A fervura subiu no ninho tucano de Mato Grosso do Sul. Em um movimento de clara autodefesa eleitoral, os vereadores Silvio Pitú, Flávio Cabo Almi e Dr. Victor Rocha bateram o pé e deram um ultimato à cúpula do PSDB. O alvo da rebelião é a permanência do deputado estadual Pedro Caravina na sigla. Nos bastidores, o cálculo é puramente matemático e de sobrevivência: os parlamentares temem que o peso eleitoral de Caravina atropele as chances de quem busca ascender à Assembleia Legislativa (Alems).
O plano estratégico do partido para a próxima legislatura foca na reeleição de Jamilson Name e Lia Nogueira, apostando em Name como o grande puxador de votos da chapa. Com a chegada de Paulo Duarte, vindo do PSB para tentar a reeleição, restaria apenas uma vaga viável no quarteto planejado pelo PSDB. É justamente neste funil que os vereadores se veem ameaçados pela força de Caravina. A pressão surtiu efeito no desenho das bancadas: enquanto Mara Caseiro, Zé Teixeira e Paulo Corrêa caminham para o PL, Caravina deve seguir para o PP, selando o destino de um PSDB que tenta se equilibrar para não perder ainda mais espaço.
Apesar do clima de “lista de extinção” que rondava a legenda, o PSDB ganhou uma sobrevida inesperada nos últimos dias. O anúncio da permanência dos deputados federais Dagoberto Nogueira e Geraldo Resende, somado à decisão de Jamilson Name e Lia Nogueira de seguirem no ninho, interrompeu a previsão de uma debandada geral durante a janela partidária. Na Câmara Federal, a meta é garantir as cadeiras de Dagoberto e Geraldo, mesmo com a saída de Beto Pereira para o Republicanos.

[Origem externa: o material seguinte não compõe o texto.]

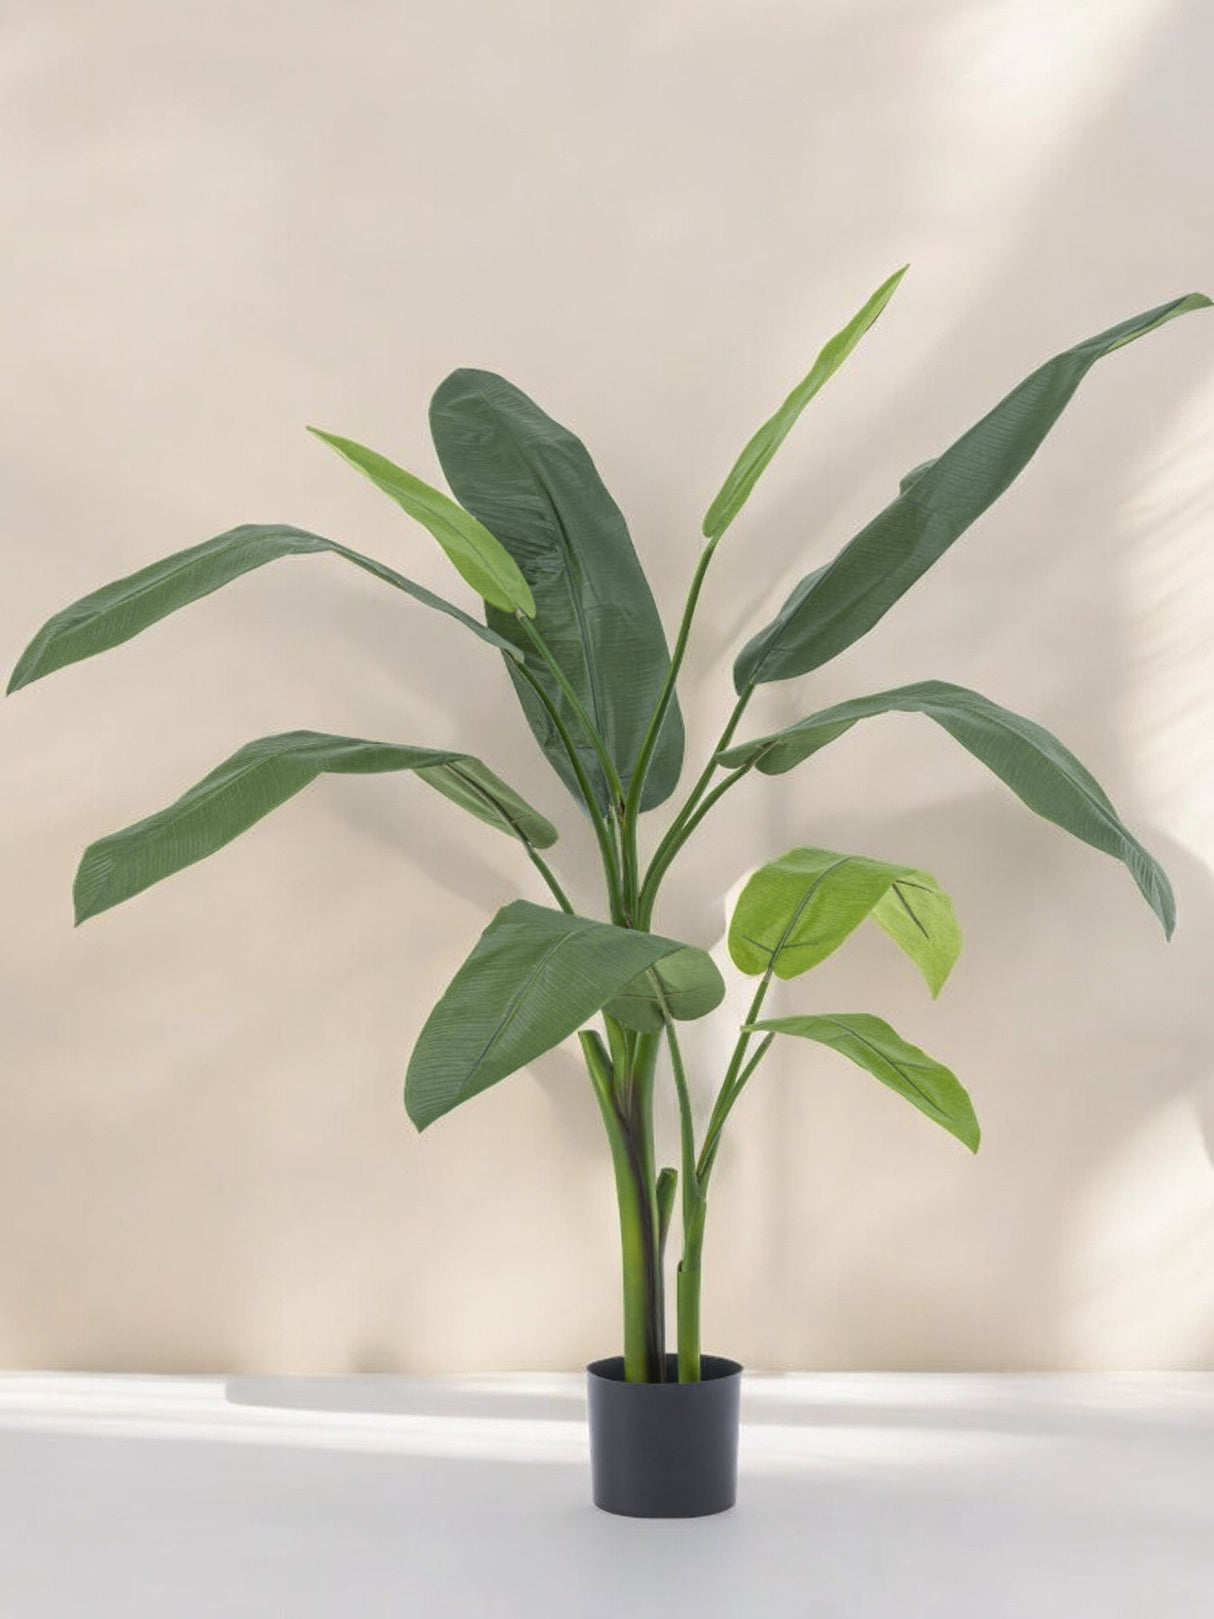 Livraison plante Heliconia Deluxe - grande plante artificielle

O cenário atual é de reconstrução forçada para uma sigla que, até 2024, dominava o mapa político de Mato Grosso do Sul. Após perder o governador Eduardo Riedel para o PP, o ex-governador Reinaldo Azambuja para o PL e a maioria de seus 44 prefeitos, o PSDB agora joga todas as suas fichas na montagem de chapas que garantam o mínimo de relevância parlamentar. Como definiu Dagoberto Nogueira, o rumo das negociações mudou, mas o desafio de manter a relevância de um partido que já foi gigante no Estado continua sendo uma prova de fogo para seus atuais caciques.